Here I generated two plots to show that if the survival rate of passengers are related to their socio-economic class. From the plot on the left, it was evident that passengers with a Pclass of 3, which means lower-class, had a much lower survival rate compared with passengers with a Pclass of 1 or 2. The plot on the right shows how the a combination of Pclass and Sex variables could influence the survival rate of a passenger. It is notable that the different socio-economic status only seemed to significantly affect the survival rate of females, not males. The odds of a upper-class lady surviving the Titanic shipwreck is surprising high.

fig, axes = p.subplots(nrows=1, ncols=2, figsize=(15,5))
embarked_survival1 = pd.DataFrame(train[train['Survived'] == 1]['Embarked'].value_counts()/train['Embarked'].value_counts())
embarked_survival1.plot(linestyle='-', marker='o', ax=axes[0])
embarked_survival2 = pd.DataFrame({'Survived':train[train['Survived'] == 1]['Embarked'].value_counts(),
                                  'Died':train[train['Survived'] == 0]['Embarked'].value_counts()}, columns = ['Survived','Died'])
embarked_survival2[['Survived','Died']].plot(kind = 'bar', title='Male and Female Survival Comparison 1', alpha = 0.3, stacked = True, ax=axes[1])

png

I also generated two plots to check if different Port of Embarkation would make a difference in survival rate. It is surprising that it actually did have an impact. As passengers embarked from Cherbourg have a significant higher survival chance compared with passengers embarked from Queenstown or Southampton.

Basic Models

With the exploratory visualization from the last point, we have some idea what out data looks like. We know that the survival rate is in some way related to Pclass, Sex, Age, Fare and Embarked, but we haven’t got any chance to explore the rest of the predicators. So, let’s start building models and making predictions.

Purely Gender-Based Model

From last post, we know that the most influential predicator in the data set is Sex, as survival rate differs dramatically between male and female passengers. Given the low survival rate of male and high survival rate of female, the easiest possible model is to simply predict 0 for male and 1 for female.

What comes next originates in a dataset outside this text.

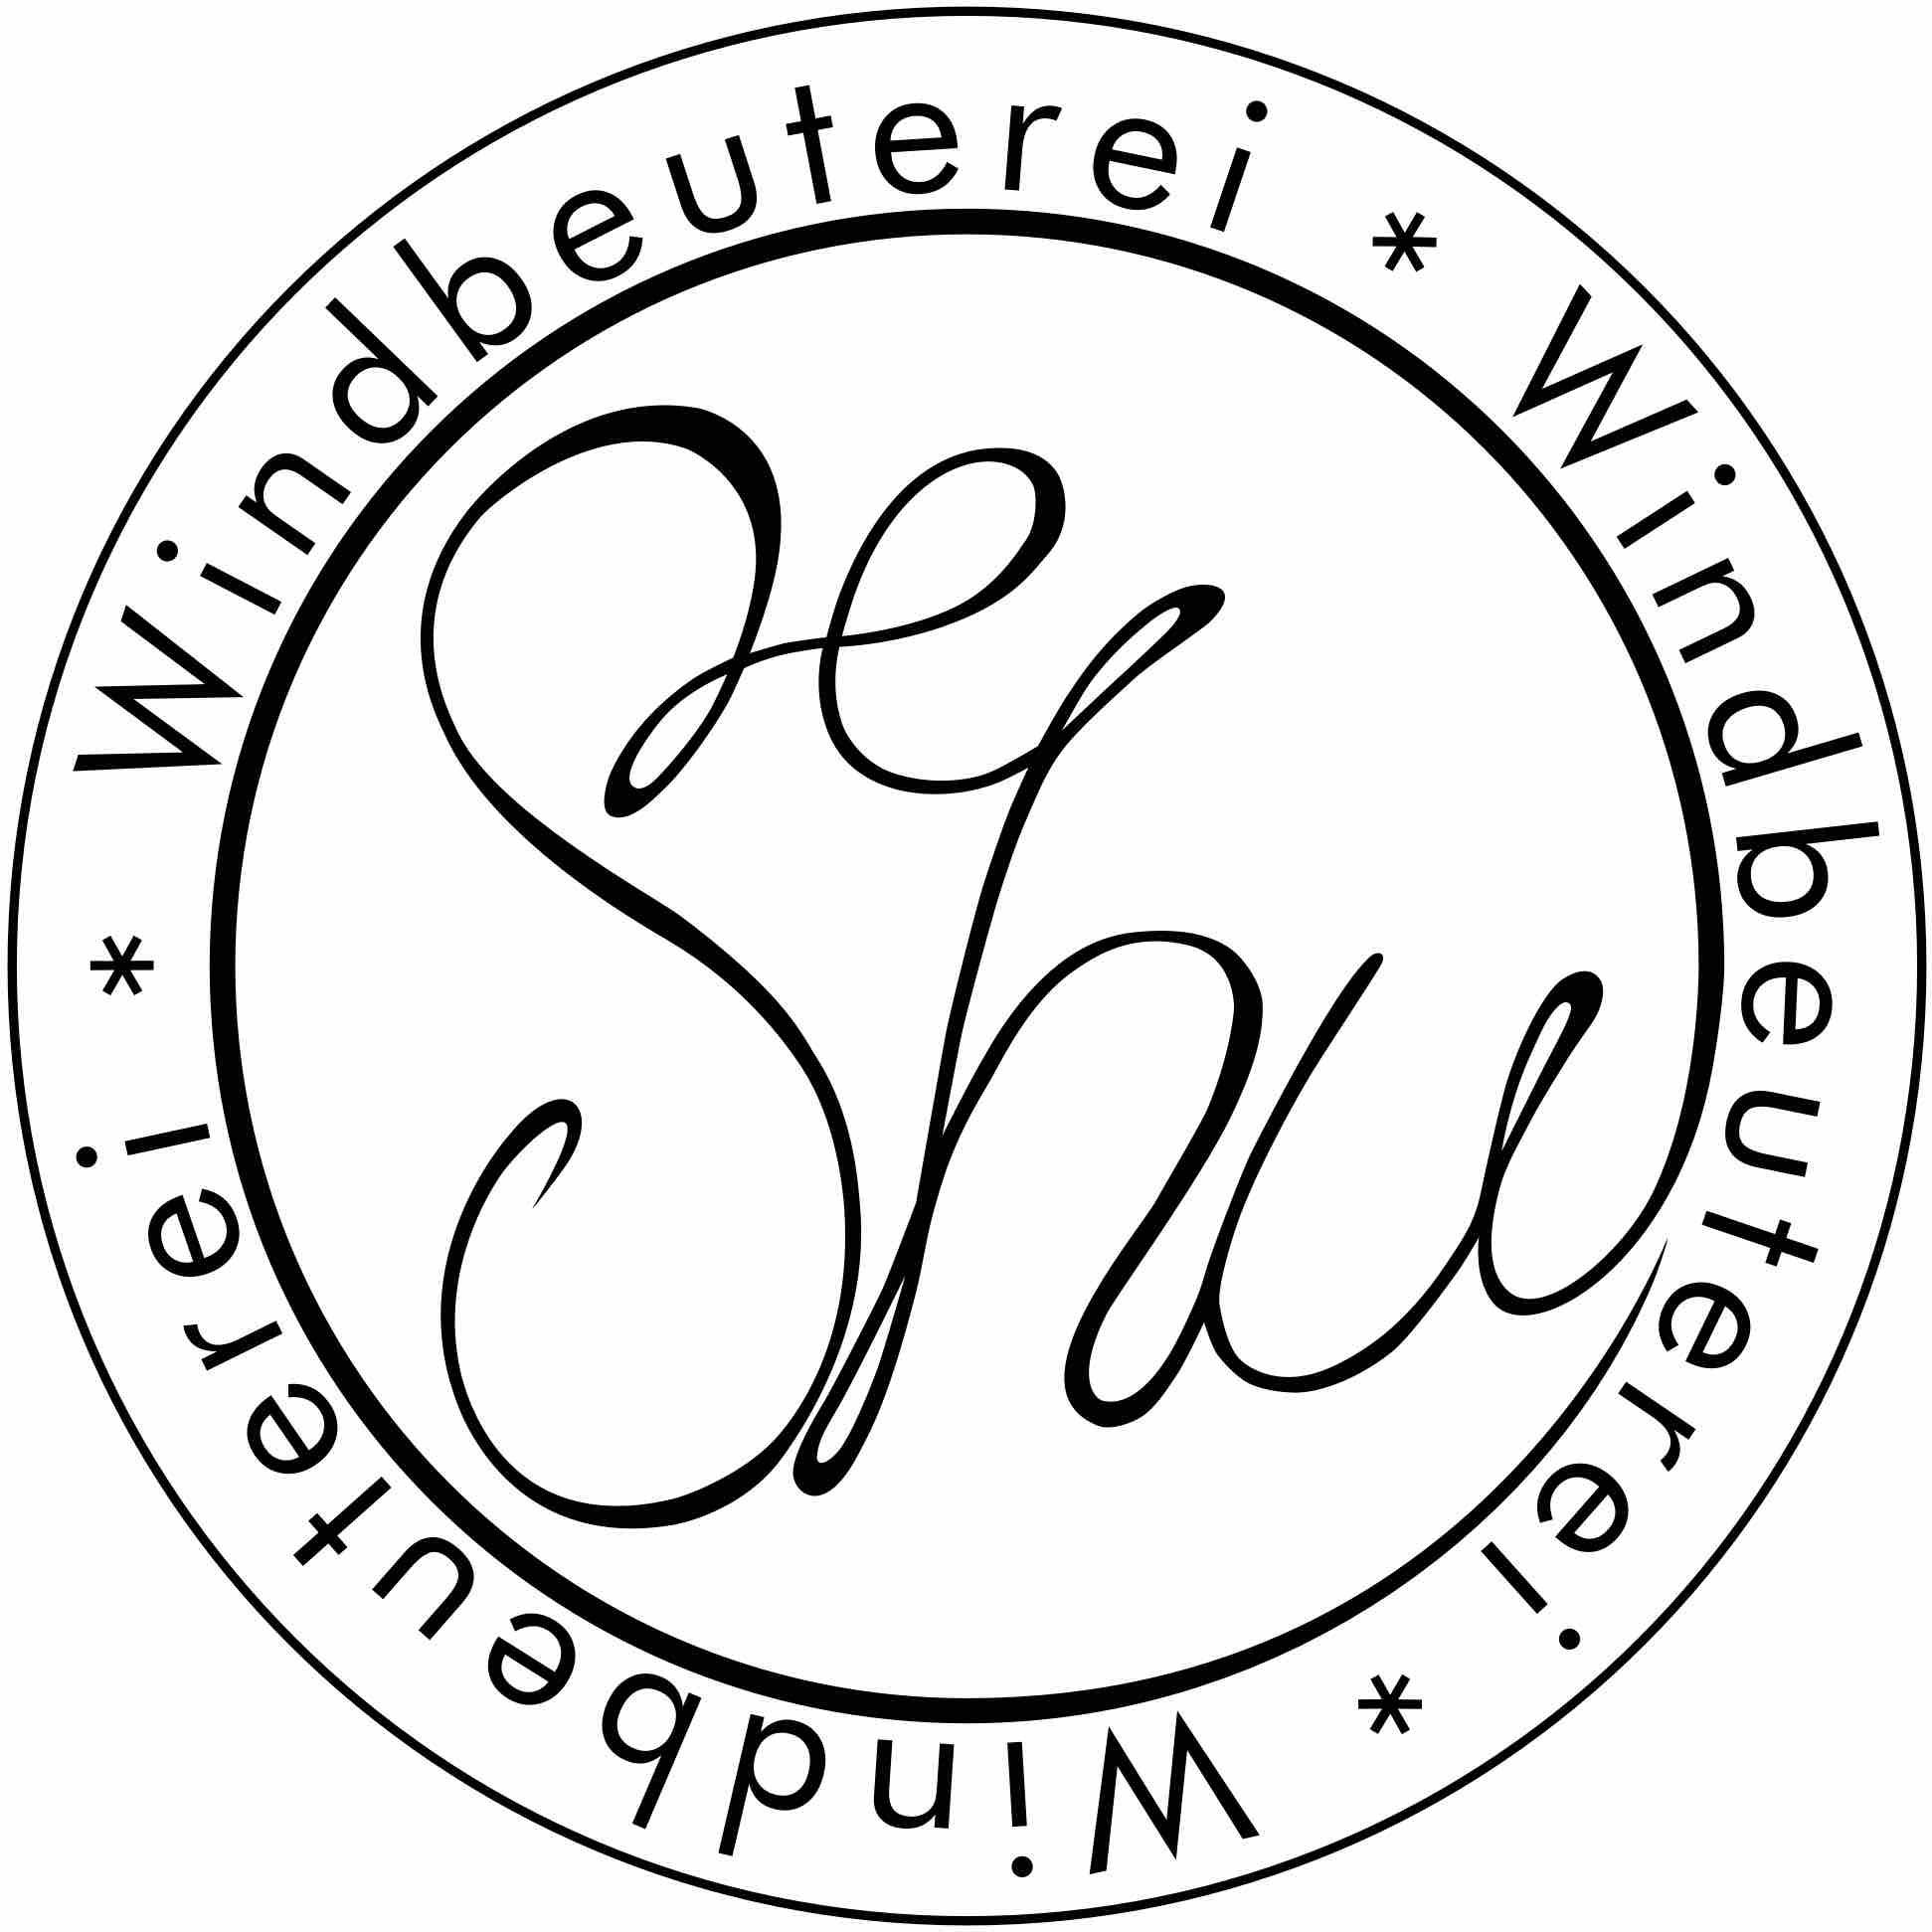 Wort-/Bildmarke: SeShu Windbeuterei * Windbeuterei * Windbeuterei

#simply creating a Survival variable, mappped from the Sex variable
test['Survived'] = test['Sex'].map( {'female': 1, 'male': 0} ).astype(int)

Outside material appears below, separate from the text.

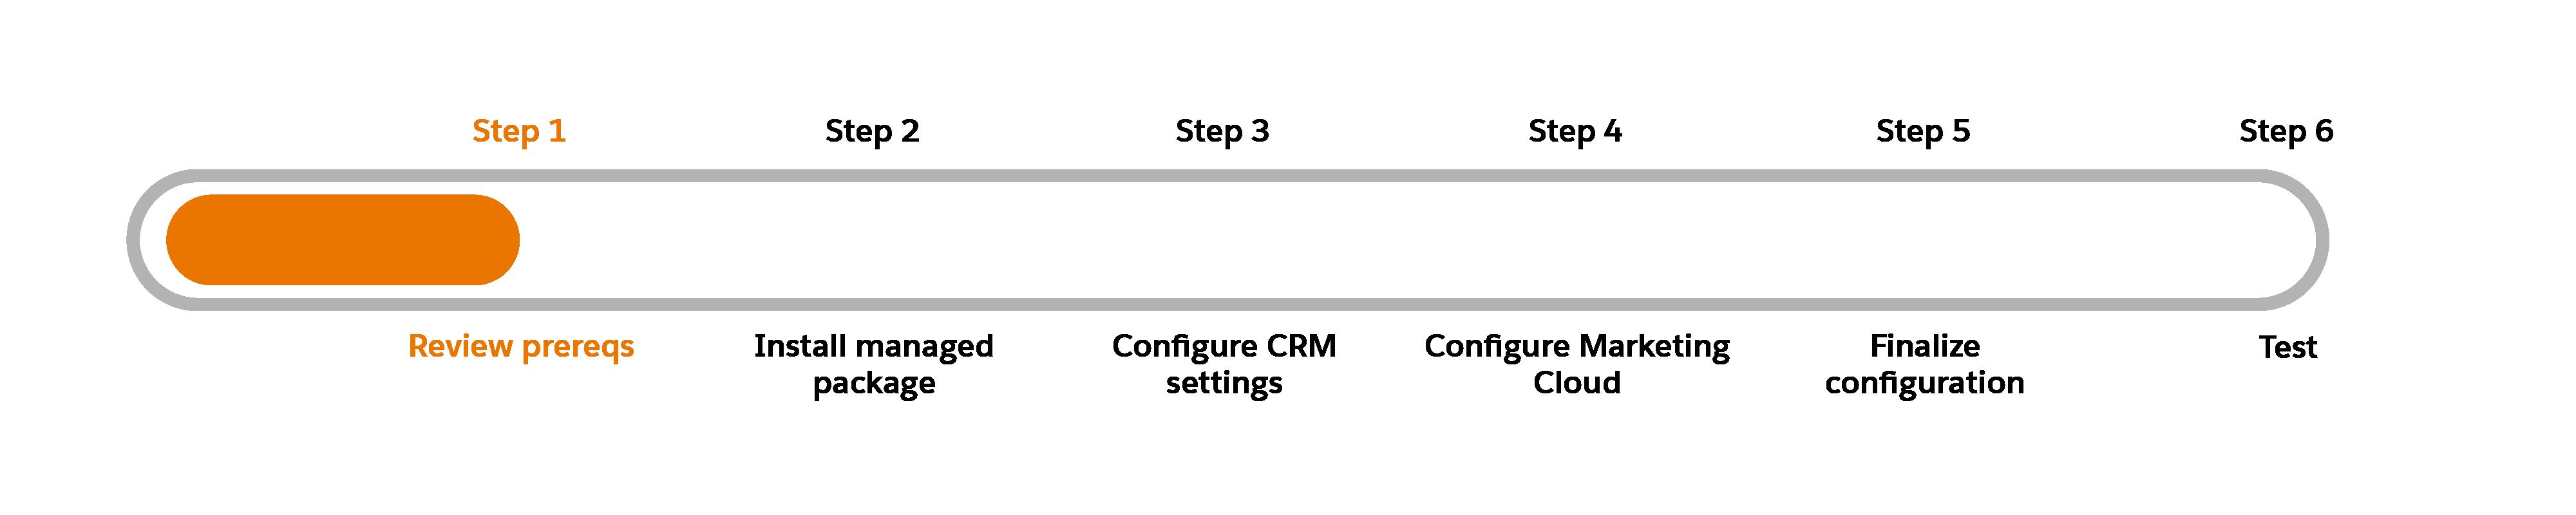 Schéma de progression avec l'étape1, Identification des prérequis, en surbrillance.

The output of the head() function tells us our change to the data frame is effective and we have already made our first prediction! Next, we just need to export the data to a csv file and submit to Kaggle.

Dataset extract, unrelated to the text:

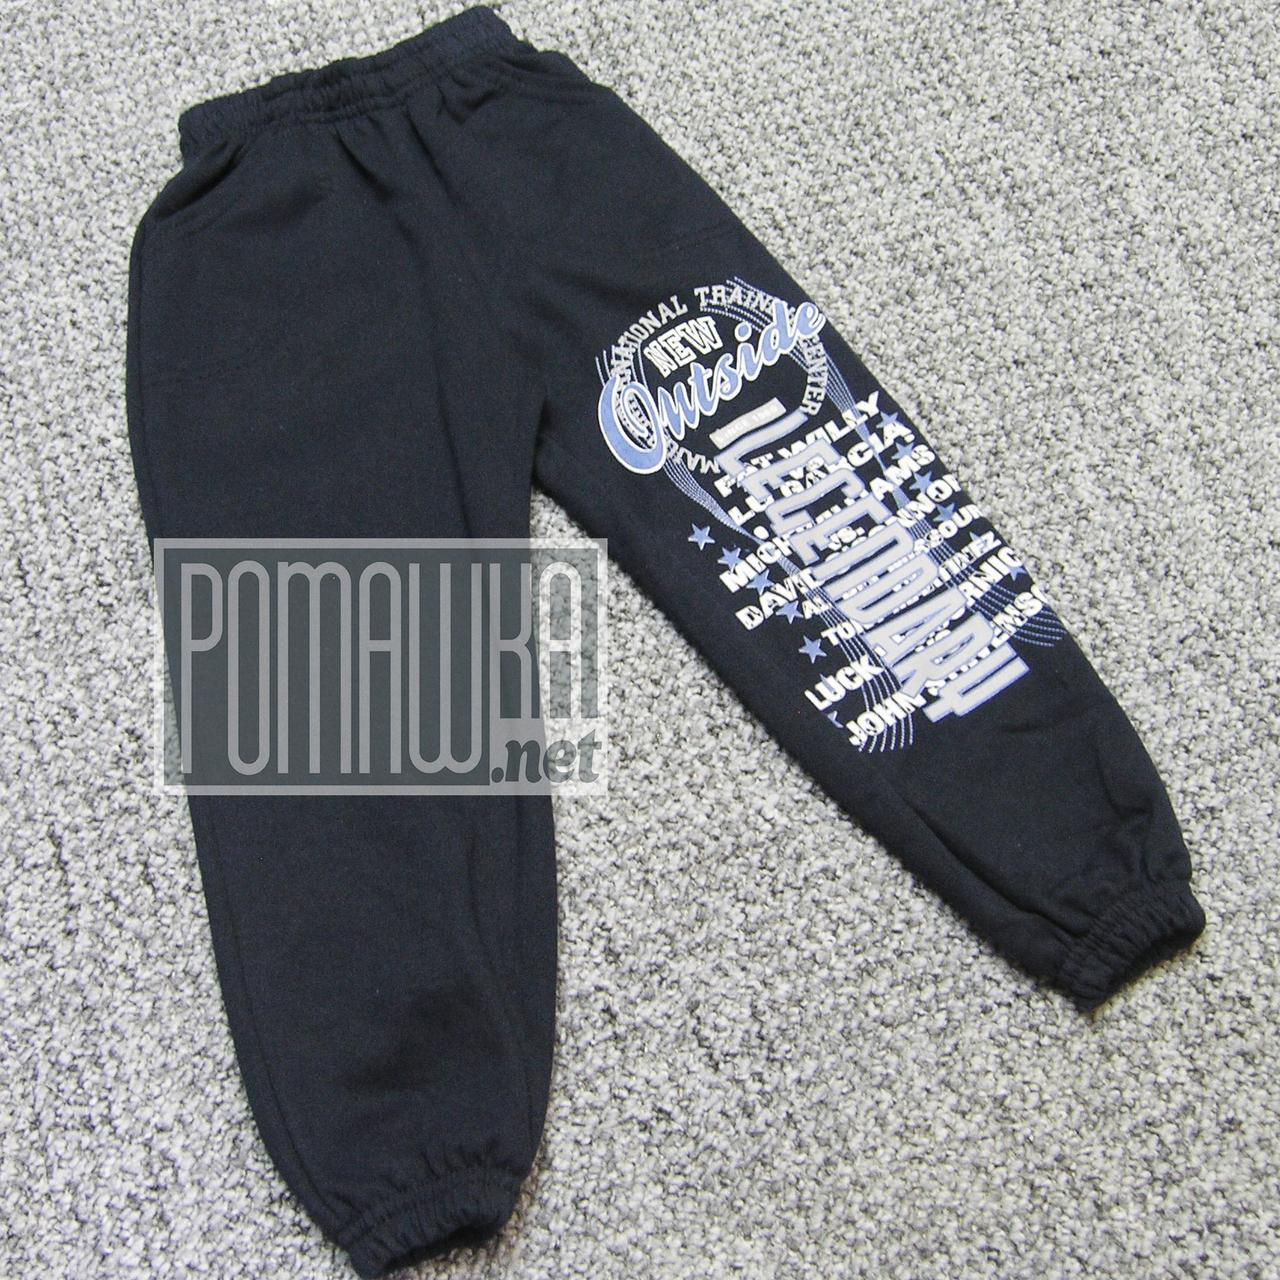 Тёплые начёс на флисе р 104 3 года детские трикотажные спортивные штаны брюки на мальчика ФУТЕР 4881 Синий

prediction_file = open("Gender_Model.csv", "wb")
out = csv.writer(prediction_file)
out.writerow(["PassengerId", "Survived"])
for i in range(0, len(test.PassengerId)):
    out.writerow([test.PassengerId[i], test.Survived[i]])
prediction_file.close()

The results of the gender-based prediction was 0.76555, which is surprisingly good for a single line of prediction code! Of course we are not going to call it a day. Let’s see if we could incorporate Pclass or Age in the model.

Gender-Class Model

While we could do a pivot table, predicting the majority of each gender in different Pclass, I’d say it is time to bring in some models. Let’s try our hands at Logistic Regression first, since it is one of the most interpretable classification model in my opinion. We’ll start with an extremely simple case of just 2 predicators: Pclass and Sex

from patsy import dmatrices
from sklearn.linear_model import LogisticRegression
#setting formula to predict Survived with Pclass and Sex
formula1 = 'Survived ~ C(Pclass) + C(Sex)'
train_response,train_data = dmatrices(formula1, data=train, return_type="dataframe")
test_response,test_data = dmatrices(formula1, data=test, return_type="dataframe")
LRmodel = LogisticRegression()
LRmodel.fit(train_data.values, train_response.values.ravel())
output = LRmodel.predict(test_data).astype(int)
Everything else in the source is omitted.